Mixture-of-Experts (DeepSeekMoE)
Most of DeepSeek's flagship models use a Mixture-of-Experts (MoE) architecture. Unlike "dense" models, where all parameters are activated to process a request, MoE models engage only a small subset of specialized subnetworks ("experts") for each token. DeepSeek developed its own MoE implementation with "shared" experts, fine-grained segmentation, and load balancing without auxiliary losses, which allows activating only a fraction of the hundreds of billions of parameters and drastically reducing computational costs.[5]
Multi-Head Latent Attention (MLA)
A method for compressing the KV cache into a latent vector, saving up to 93% of memory and enabling context windows of up to 128,000 tokens. This technology is key for efficiently processing long texts.[6]
FP8 Training and Multi-Token Prediction
The V3 family of models utilizes mixed-precision FP8 (8-bit floating-point numbers) and simultaneous prediction of multiple tokens, which accelerates both the training and inference processes.[7]

Model Family

  • DeepSeek LLM — base models with 7 and 67 billion parameters (2023), the first bilingual (EN/ZH) release, which surpassed LLaMA-2 70B on several tasks.[8]
  • DeepSeek-Coder (2023) — a line of models for programming (1.3–33 billion) and its successor Coder-V2 (16 billion / 236 billion MoE, 128K context, 338 coding languages).[9]
  • DeepSeek-V2 (May 2024) — a 236 billion (21 billion active) MoE LLM with MLA; trained on 8.1 trillion tokens.[10]
  • DeepSeek-V3 (December 2024) — 671 billion (37 billion active); training took ≈2.8 million GPU-hours on Nvidia H800s at a cost of ≈$5.5 million.[11]
  • DeepSeek-R1 (January 2025) — a line of models for logical reasoning; the R1-0528 version approached OpenAI o3 on AIME 2025 and LiveCodeBench.[12]
  • DeepSeek-VL / VL2 — multimodal VL models (up to 4.5 billion active) with dynamic mosaic processing of 1024×1024 images.[13]
  • DeepSeek-Math 7B — a specialized model with 51.7% accuracy on the MATH benchmark; close to GPT-4.[14]
  • DeepSeek-Prover-V2 — a 671 billion MoE model for theorem proving in Lean 4; 63.5% on miniF2F.
  • Distilled R1 models — open-weight versions from 1.5 to 70 billion parameters based on Llama and Qwen.[15]

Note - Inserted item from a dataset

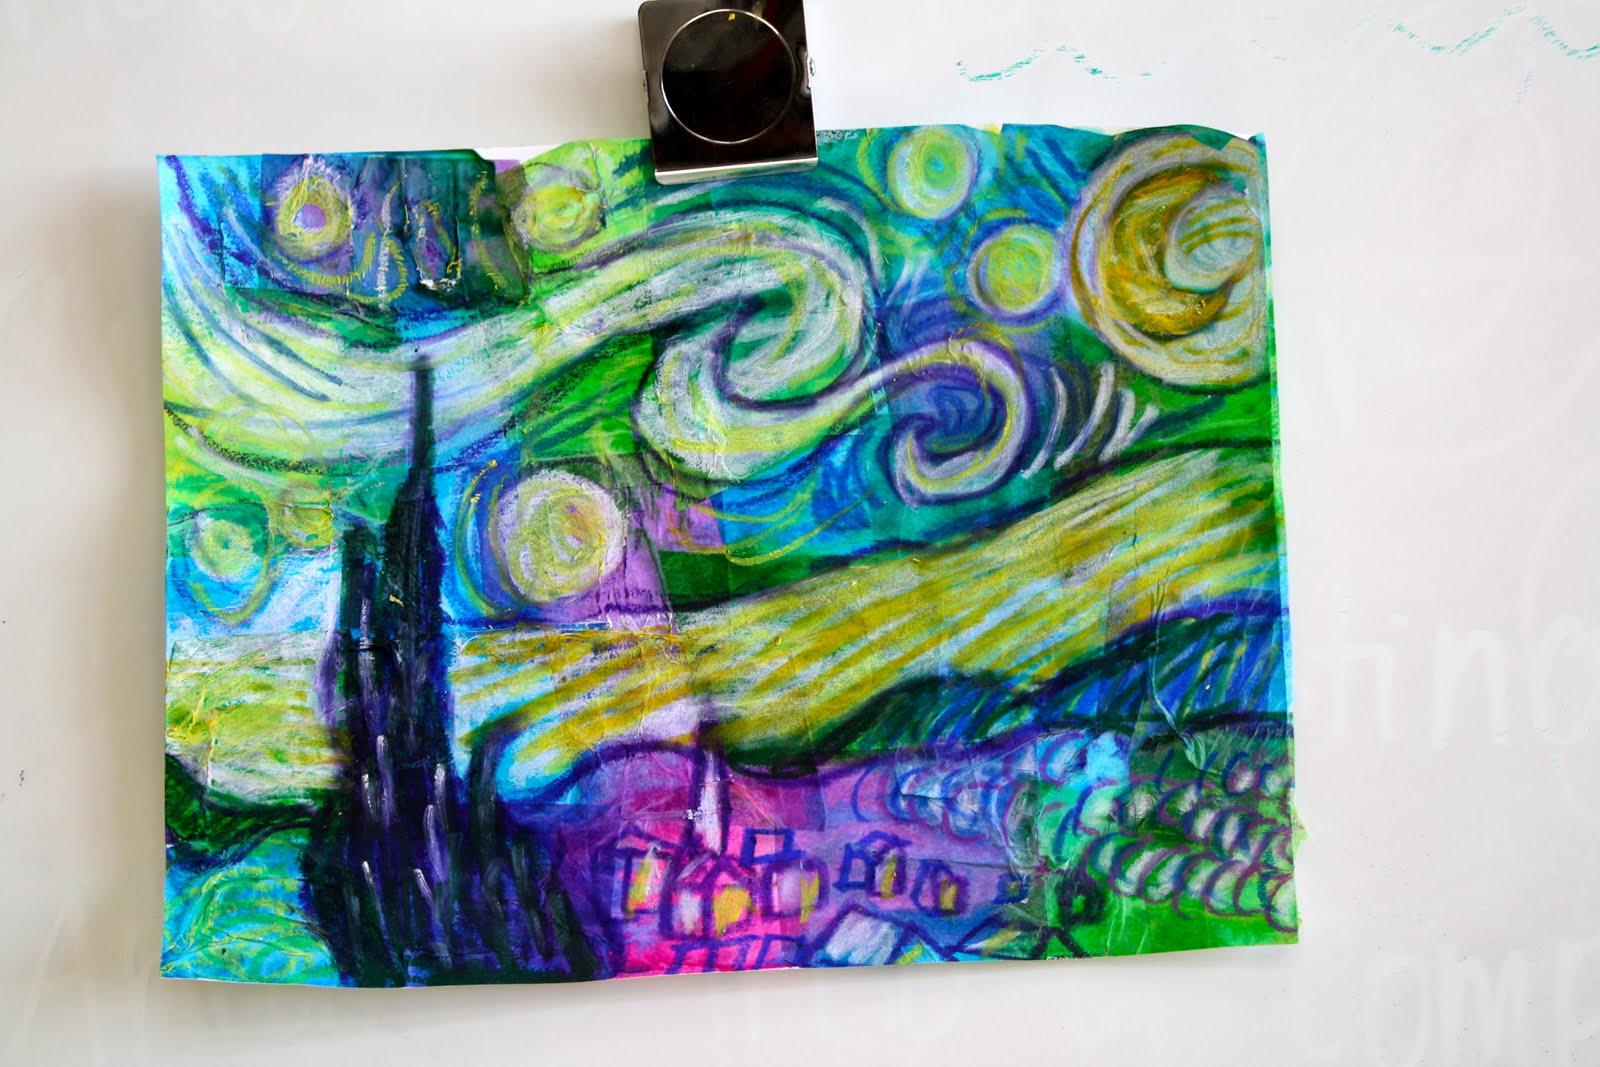 starry night essay dissertation help co uk review zu guttenberg dissertation pdf dankworth dissertation abstract internship reflection paper introduction to arts color scheme essay vincent van gogh
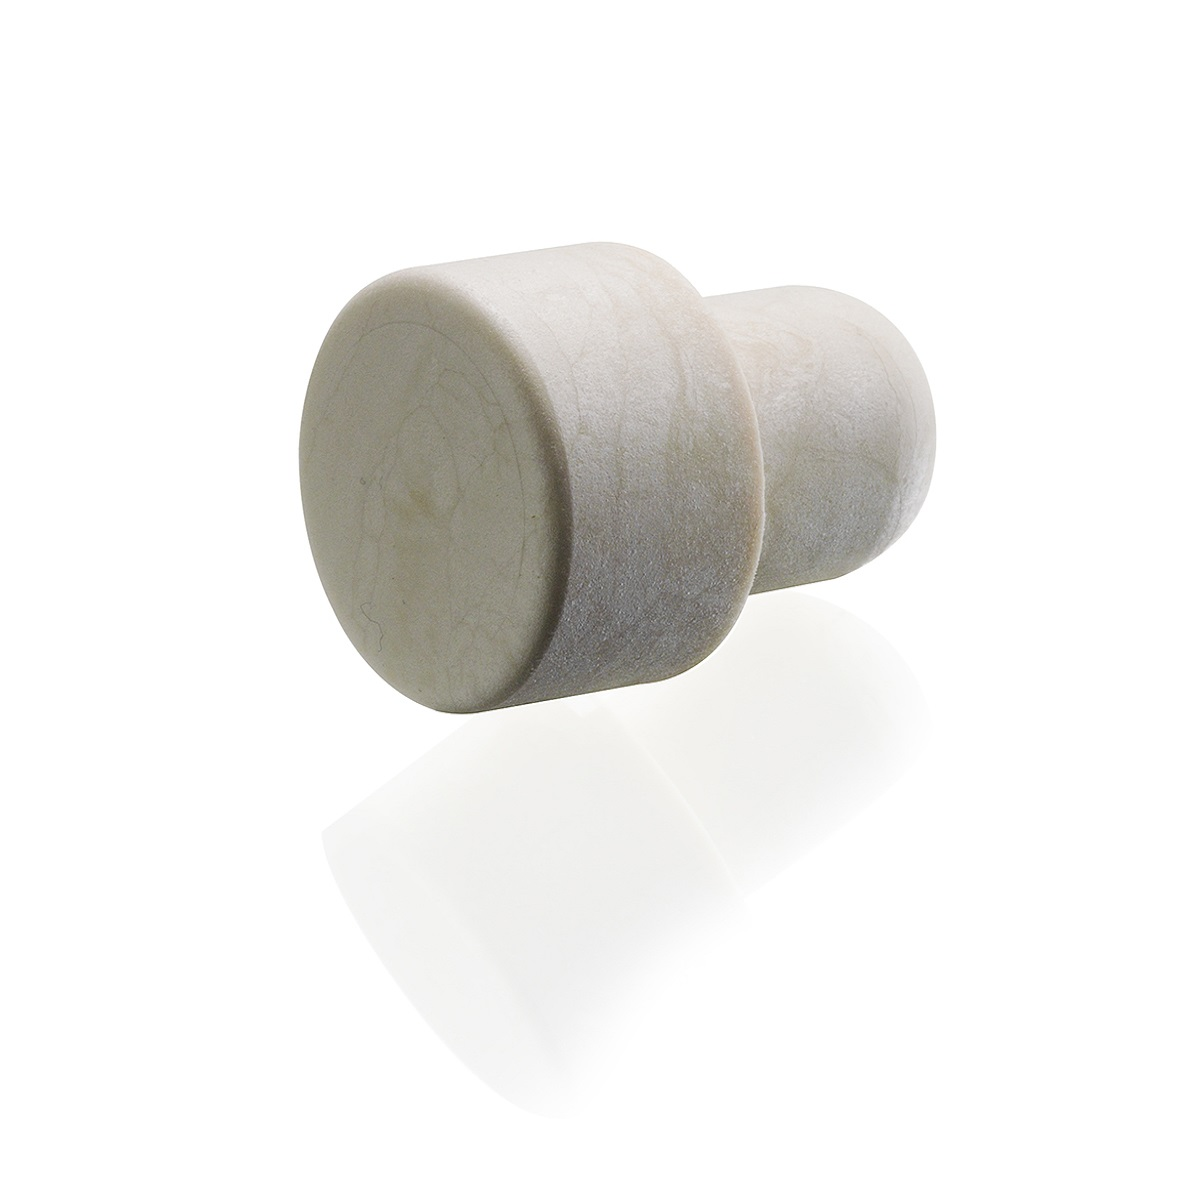 thetis pack πώμα συνθετικό ξύλινη κεφαλή φελλός synthetic cap καπάκια

Chronology of Key Releases

Date Release and Key Features
Nov 2, 2023 DeepSeek-Coder v1: First open-weight models for code.
Nov 29, 2023 DeepSeek LLM 7B/67B: Bilingual model trained on 2 trillion tokens.
Jan 11, 2024 DeepSeek-MoE 16B: Debut of the MoE architecture.
Feb 6, 2024 DeepSeek-Math 7B: Specialized model for mathematics (51.7% on MATH).
May 6, 2024 DeepSeek-V2 236B: Introduction of MLA and MoE architectures.
Jun 17, 2024 DeepSeek-Coder-V2: 128K context, support for 338 programming languages.
Dec 13, 2024 DeepSeek-VL2: MoE-based multimodal model.
Dec 27, 2024 DeepSeek-V3 671B: Flagship model trained for less than $6 million.
Jan 20, 2025 DeepSeek-R1 / R1-Zero: Reasoning models trained with RL.
Jan 27, 2025 Janus-Pro: Image generation model surpassing DALL-E 3.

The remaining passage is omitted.